▶ **Exercise requirements**
Omitting all images, transcribe the listing word for word.

==== Data provided ====

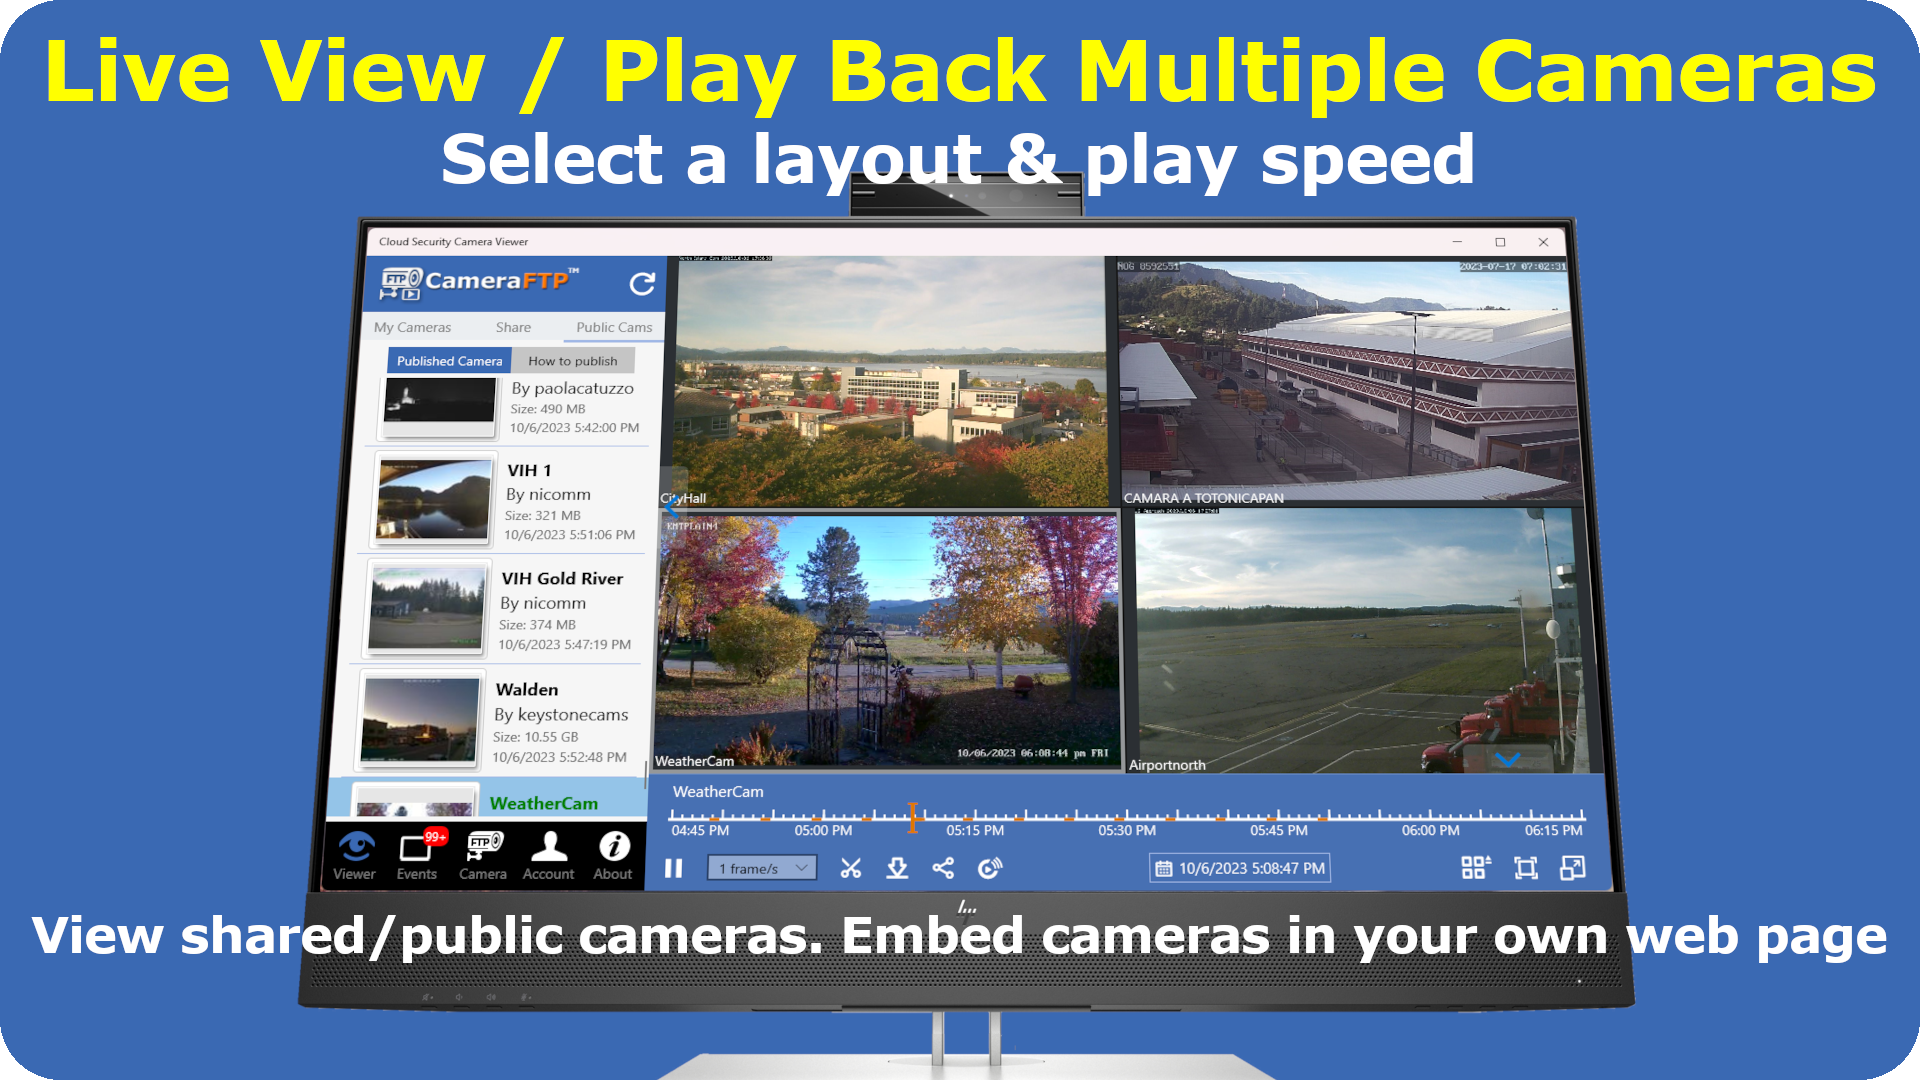 View multiple cameras in one screen. View public cameras and embed cameras in your own web page
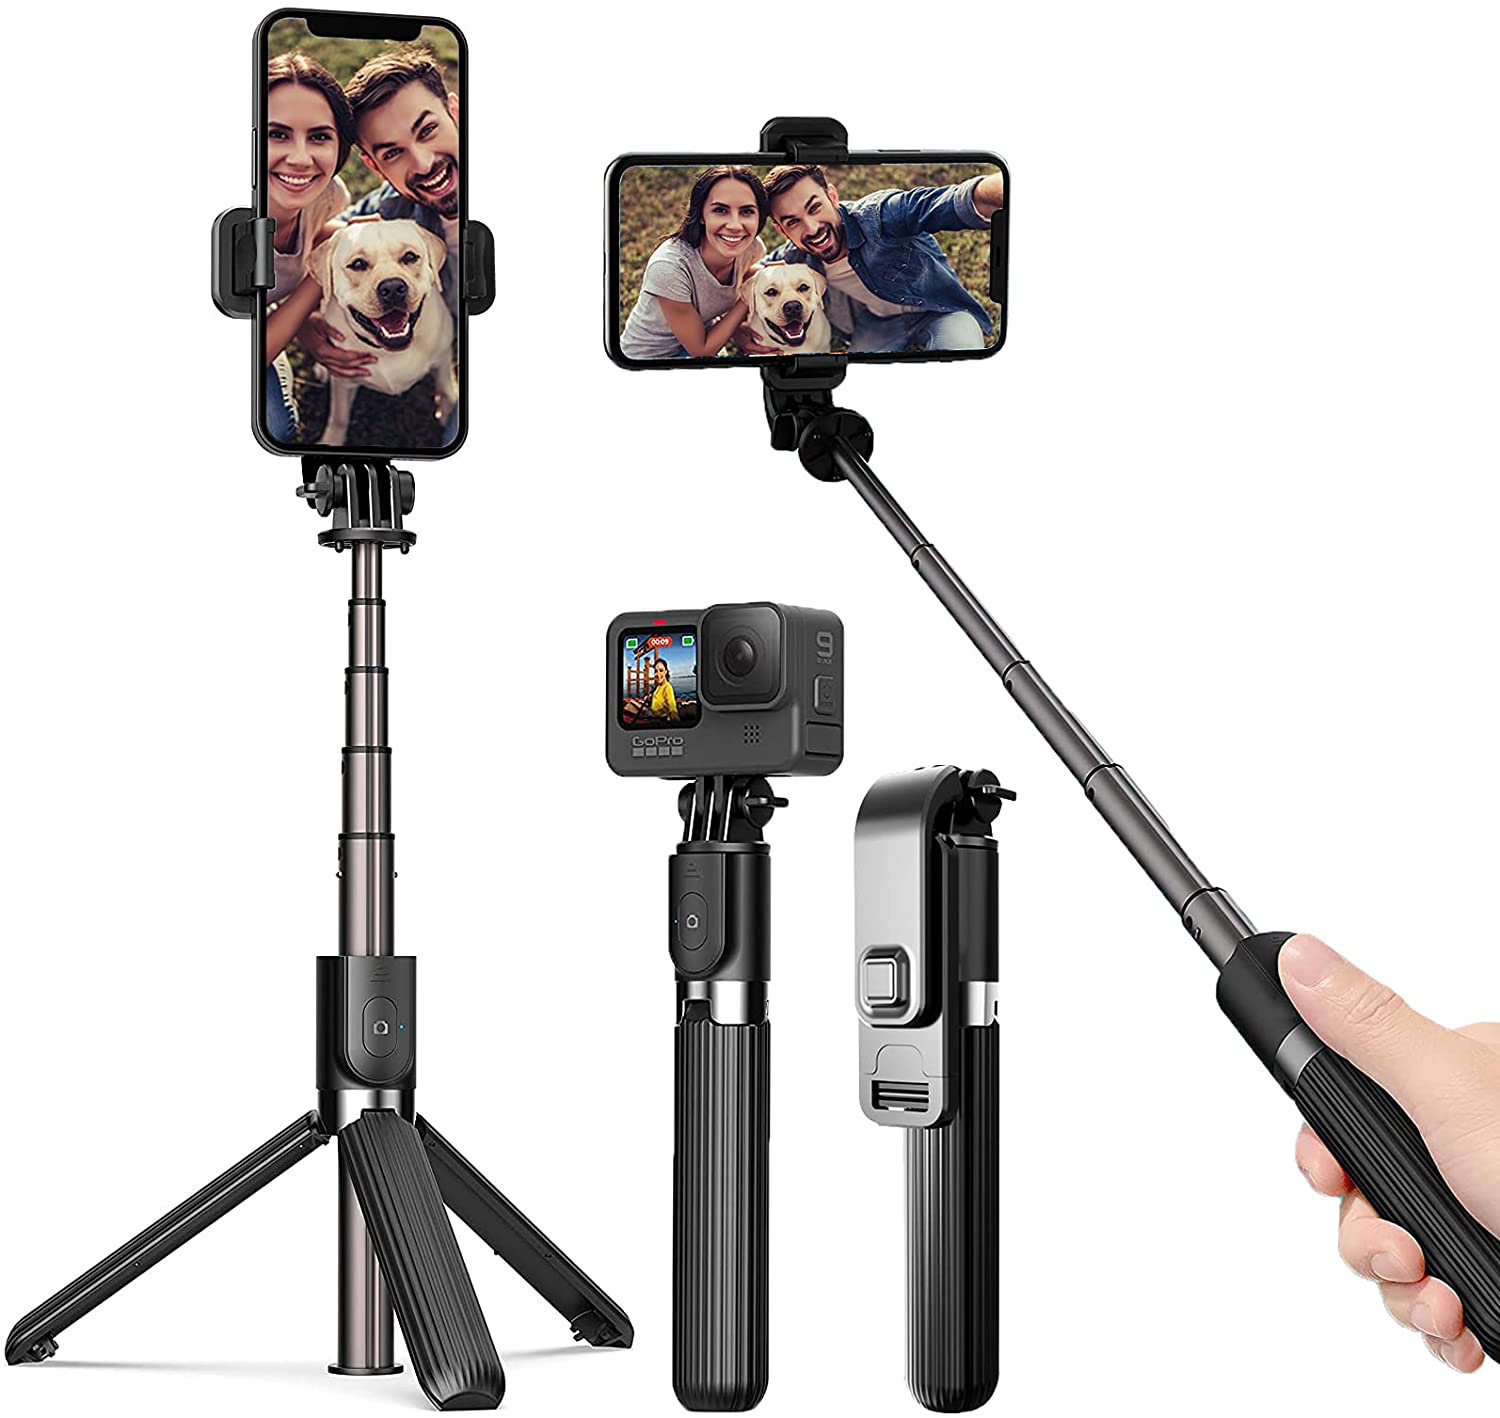 Selfie stick,Multifunction Phone Tripod,Flexible Tripod with Wireless Remote Shutter Compatible with iPhone/Android Samsung,Mini Tripod Stand Holder for Camera GoPro/Mobile Cell Phone 
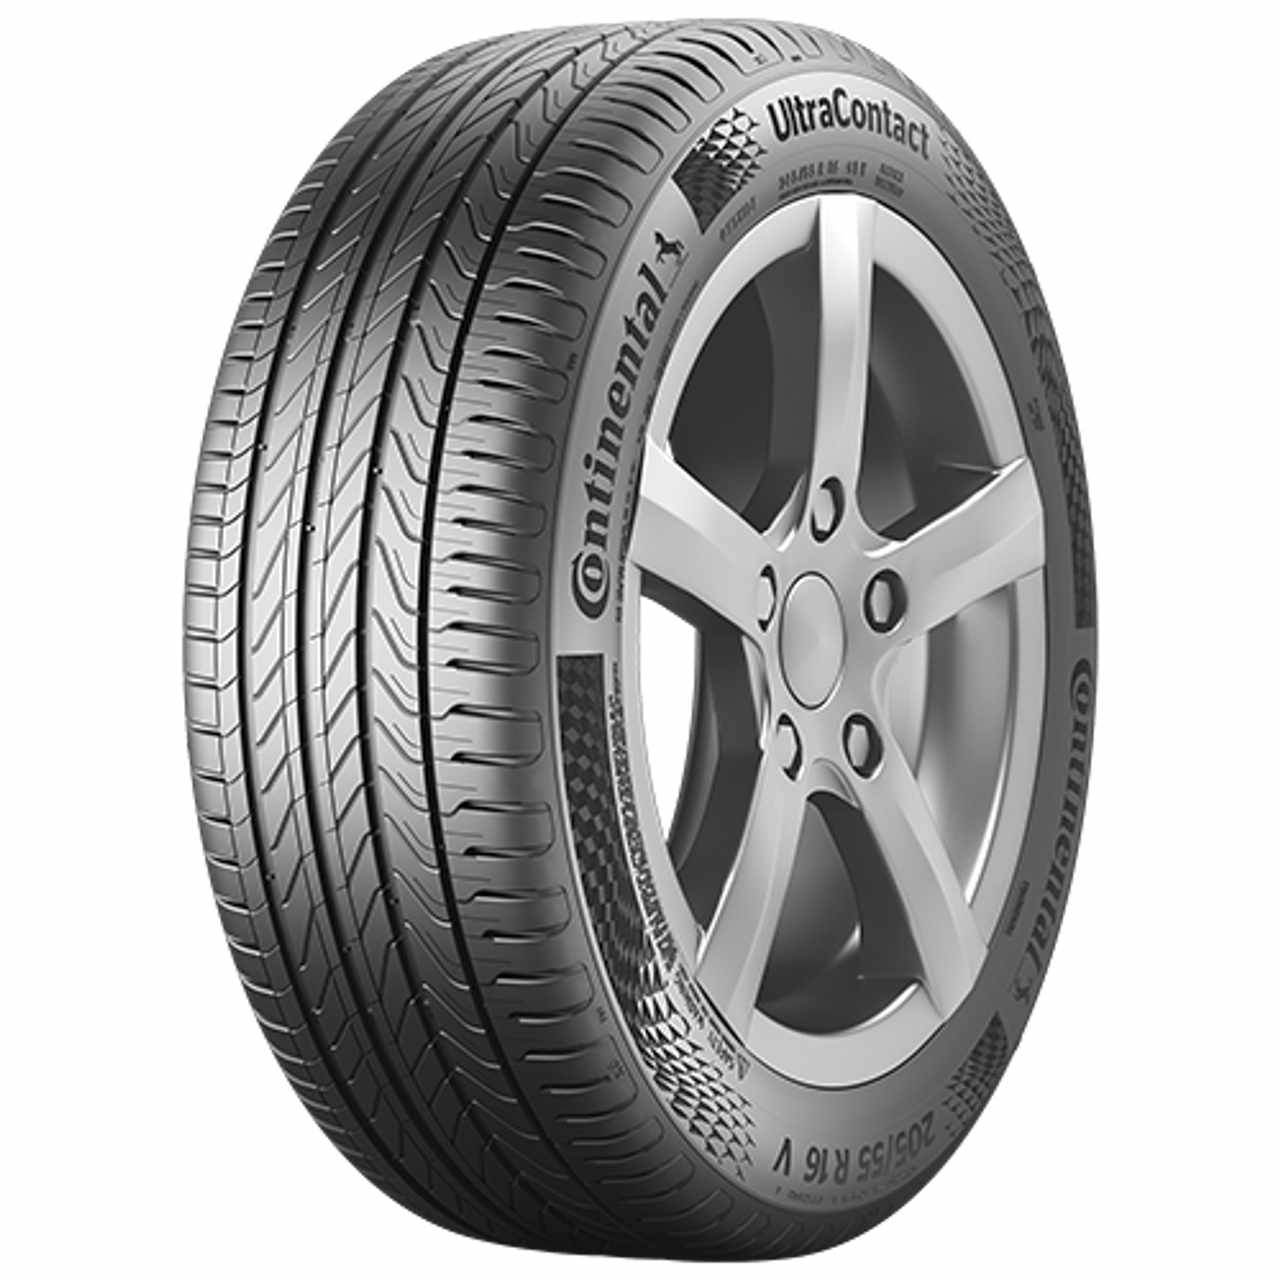 CONTINENTAL ULTRACONTACT (EVc) 185/60R14 82H BSW

====

▶ **Solution to the problem**
 View multiple cameras in one screen. View public cameras and embed cameras in your own web page
 Selfie stick,Multifunction Phone Tripod,Flexible Tripod with Wireless Remote Shutter Compatible with iPhone/Android Samsung,Mini Tripod Stand Holder for Camera GoPro/Mobile Cell Phone 
 CONTINENTAL ULTRACONTACT (EVc) 185/60R14 82H BSW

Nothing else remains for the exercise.